2. that aspirated unvoiced stops are contrasted with unaspirated partly voiced stops

3. that aspirated unvoiced stops are contrasted with unaspirated voiced stops

not to mention other permutations which may or may not involve the use of the words "aspirated", "unaspirated", "voiced" or "partly voiced" or bring in "palatal" and/or "retroflex". According to one source the phoneme inventory includes sounds represented in the IPA by symbols indicating voiced consonants but with a dot underneath, the dot indicating that the sound is voiceless; I confess I am having difficulty coming to grips with the concept of a voiceless voiced consonant. Another source suggests there are differences between the way individuals may articulate the consonants, with differences between men and women being especially noted.


----------



## berndf

Hulalessar said:


> That the roman alphabet symbols for voiced consonants were reserved to represent fully voiced stops in varieties of Chinese which have them is asserted here: http://en.wikipedia.org/wiki/Wade_Giles#Multi-sound_symbols


Yes, that has become clear from CapnPrep's contribution. The question here is what motivated Wade's original choice: continuity with previous transcriptions or deliberate choice for lease b, d and k for dialects with truly voiced plosives.



Hulalessar said:


> I have to say that, having done some research, I find the various descriptions of the phonemes of Mandarin contradictory. When it comes to stops the possibilities seems to include:
> 
> 1. that aspirated unvoiced stops are contrasted with unaspirated unvoiced stops
> 
> 2. that aspirated unvoiced stops are contrasted with unaspirated partly voiced stops
> 
> 3. that aspirated unvoiced stops are contrasted with unaspirated voiced stops.

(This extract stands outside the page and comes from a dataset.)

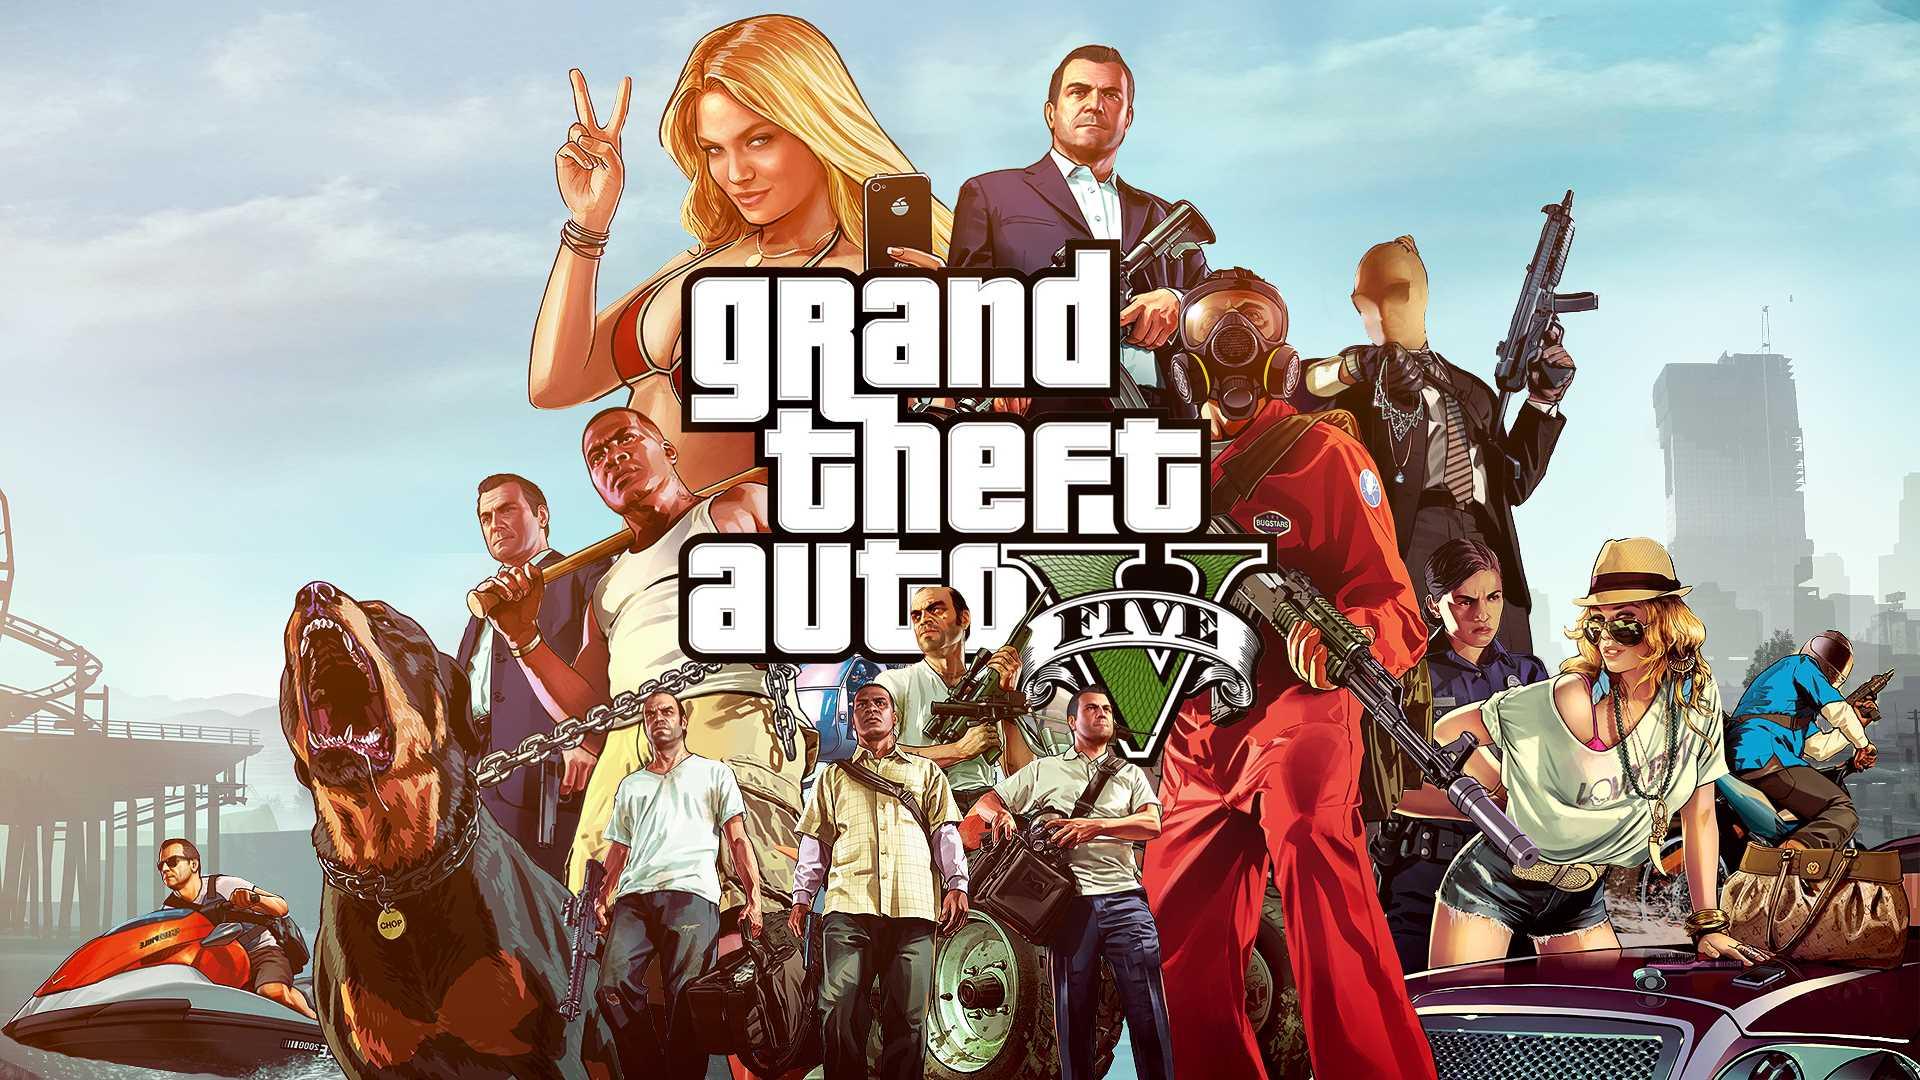 GTA 5 wallpaper

And there are languages with 3-way contrasts, like Wu-Chinese or Ancient Greek.


----------



## CapnPrep

berndf said:


> I don't have access to his works. If some of have, especially _The Peking Syllabary_, 1859, I would appreciate some quotes.


These are from the second edition (1886) of Wade's _Tzŭ êrh chi_ (Vol. 1, pp. 5f):


> _ch_. Before any of the above finals except _ih_, simply as in _chair_, _chip_; before _ih_ it is softened to _dj_; _chih_ being in many cases pronounced _djih_.
> _ch'_. A strong breathing intervening between the initial _ch_ and the vowel-sound […] The _ch'_ does sometimes soften like the unaspirated _chi_ before _ih_, but much more rarely.
> […]
> _k_. As _c_ in _car_, _k_ in _king_; but when following other sounds, often softened to _g_ in _go_, _gate_. In the word _ko_, for instance, the Numerative proper to many nouns, when this is preceded by _na_, that, or _chê_, this, the _k _is softened, the two syllables being pronounced almost _nago_, _chêgo_.
> _k'_. The aspirate as in _ch'_. Drop the italicised letters in _kic_k-h_ard_ and you will have_ k'a_ […]
> _p. _As in English.
> _p'_. The aspirate as in _ch'_, _k'_. Observe the manner in which an Irishman pronounces _p_arty, _p_arliament; or drop the italicised letters in _sla_p-h_ard_, and you will retain _p'a_.
> […]
> _t_. As in English.
> _t'_. As in _k'_, _p'_, etc. Observe an Irishman's pronunciation of _t_ in _t_error, _t_orment; or drop the italics in _hi_t-h_ard_, and you have _t'a_.
> _ts_. As in _jetsam_, _catsup_; after another word, often softened to _ds_ in _gladsome_.





berndf said:


> he is said to have spoken Mandarin with a heavy  Cantonese accent.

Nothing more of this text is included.